総合点数 オススメ シナリオ CG BGM システム
115 65 10 15 15 10






器用貧乏

閲覧者の諸兄、元気だったかしら?
私は元気だったわよ。何せ1ヶ月もお休み貰ったし(−−
むしろ休みすぎて体調が悪くなりそうなくらいだったわ。

青葉

茉理
遠回しの皮肉がアレなのでこの辺でいいでしょうか?(;´Д`)  
折角レビューコーナーが復活したのですから喜びましょうよ〜。
別に皮肉なんて言ってないわよ。
ただ事実を述べているだけ(−−
どうでもいいからさっさとレビュー始めるわよ。

青葉

茉理
うう、話を振ったのは青葉おねーさんなのに・・・(´д⊂
それでは今回レビューするのはeufonieさんのデビュー作である「カラフルアクアリウム」です。

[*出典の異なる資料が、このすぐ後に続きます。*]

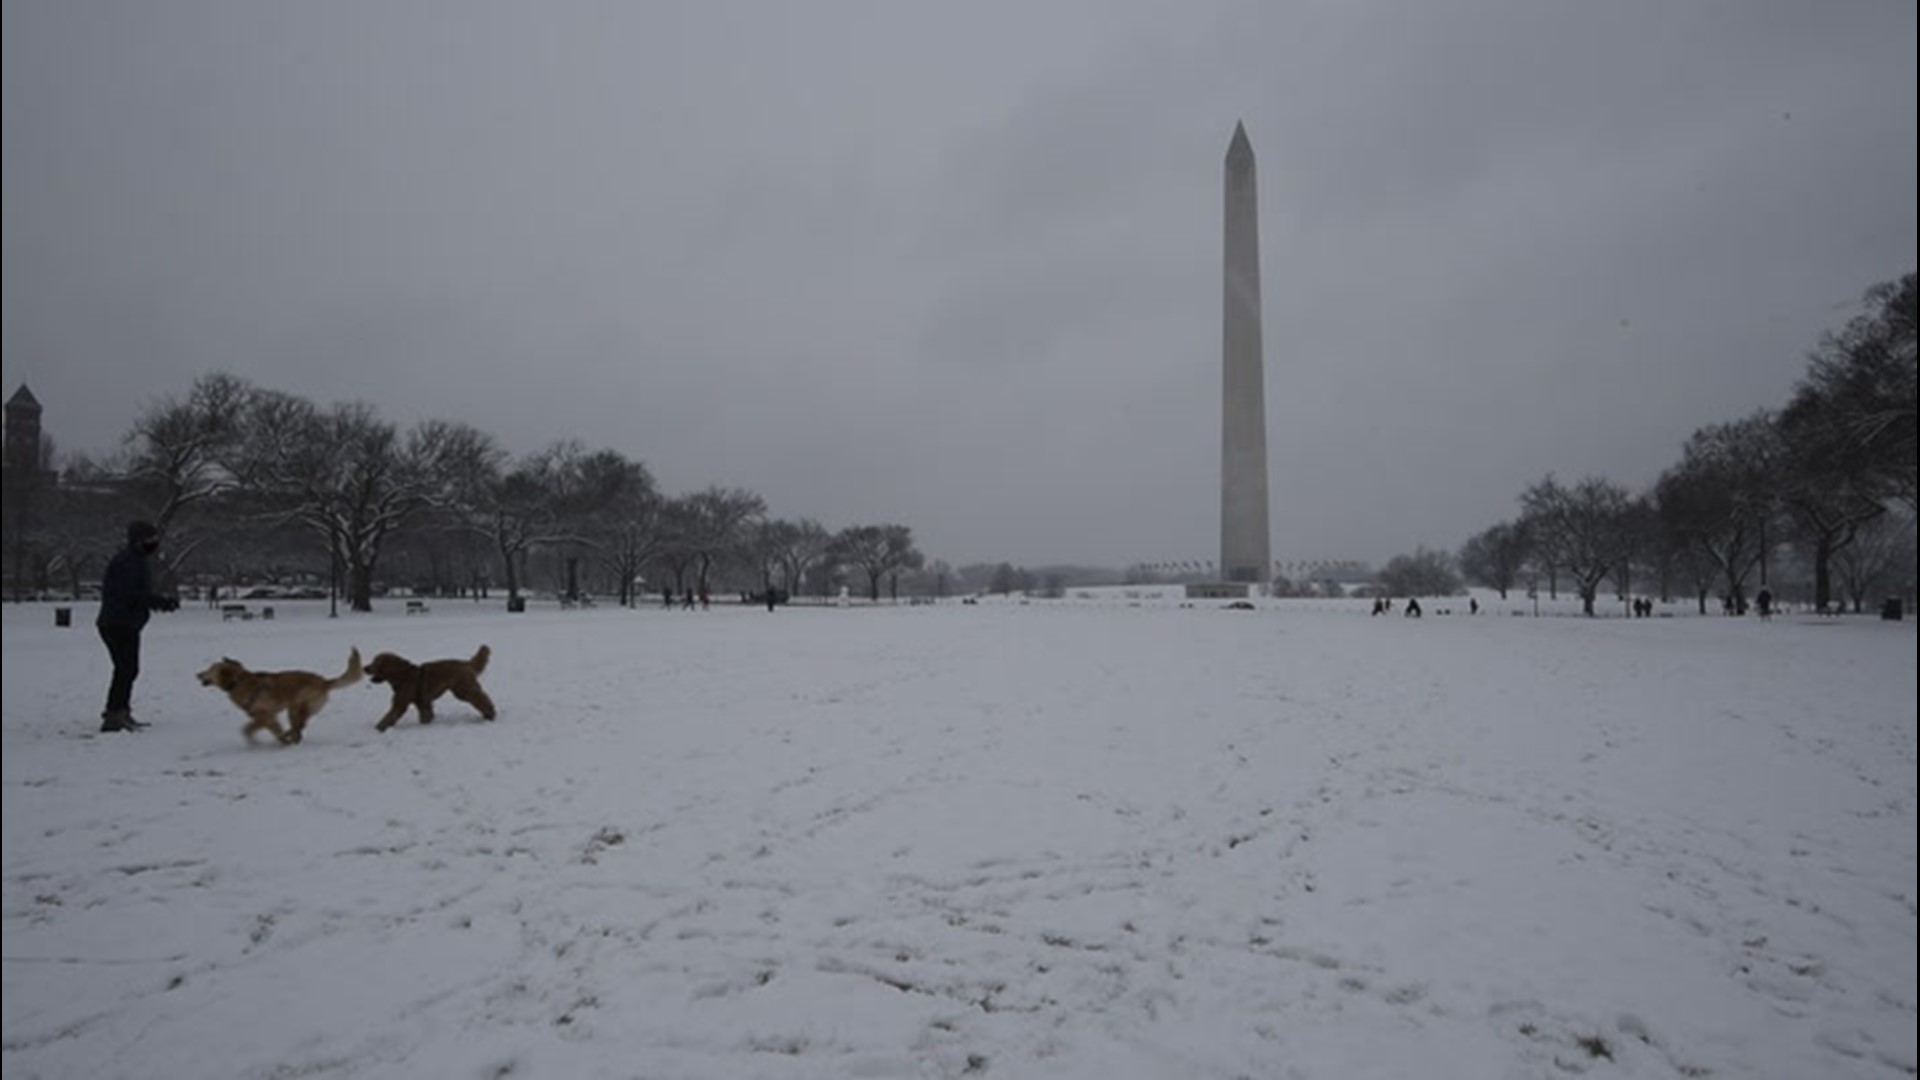 Take a look at some of the most iconic attractions in Washington D.C., after snow blanketed the city on Jan. 31.
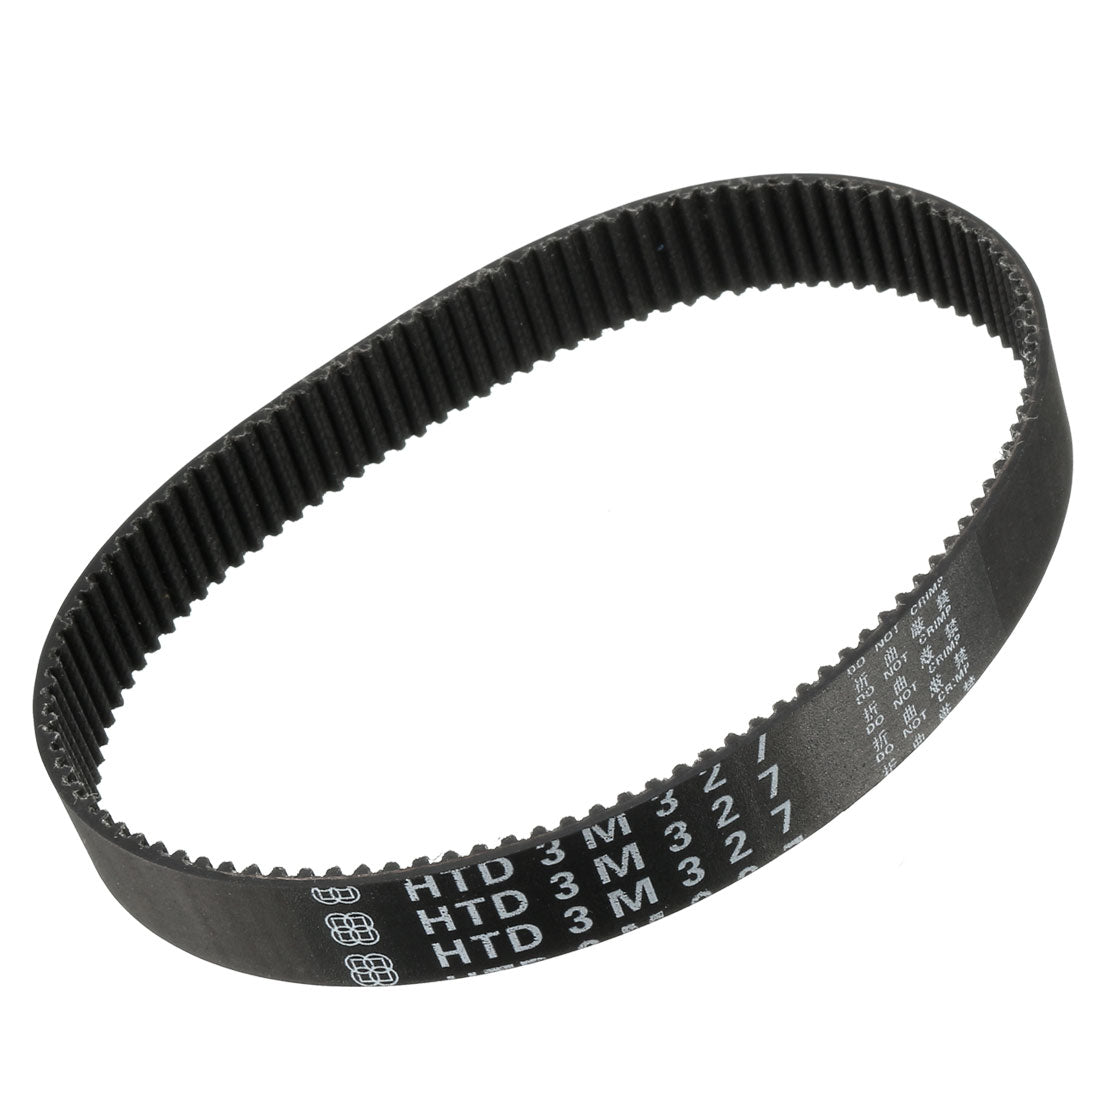 uxcell Uxcell HTD3M 109 Teeth Engine Timing Belt Rubber Geared-Belt 327mm Girth 15mm Width

ストーリーを簡単に紹介しますと、主人公の遠城寺 一臣さんは10年振りに再会した幼なじみのアリサ・エクスレバンさんと急遽一緒に同居する事になってしまいます。しかし、実はアリサさんは地球上の国の出身ではなく海底都市「アクア」の大統領補佐官の娘でとある事情により地上の世界へやって来たのです。

これが大まかな内容ですね。
まあ、この粗筋からも判るとは思うけどファンタジー色が強いストーリーだから然程中身には期待していなかったんだけどね。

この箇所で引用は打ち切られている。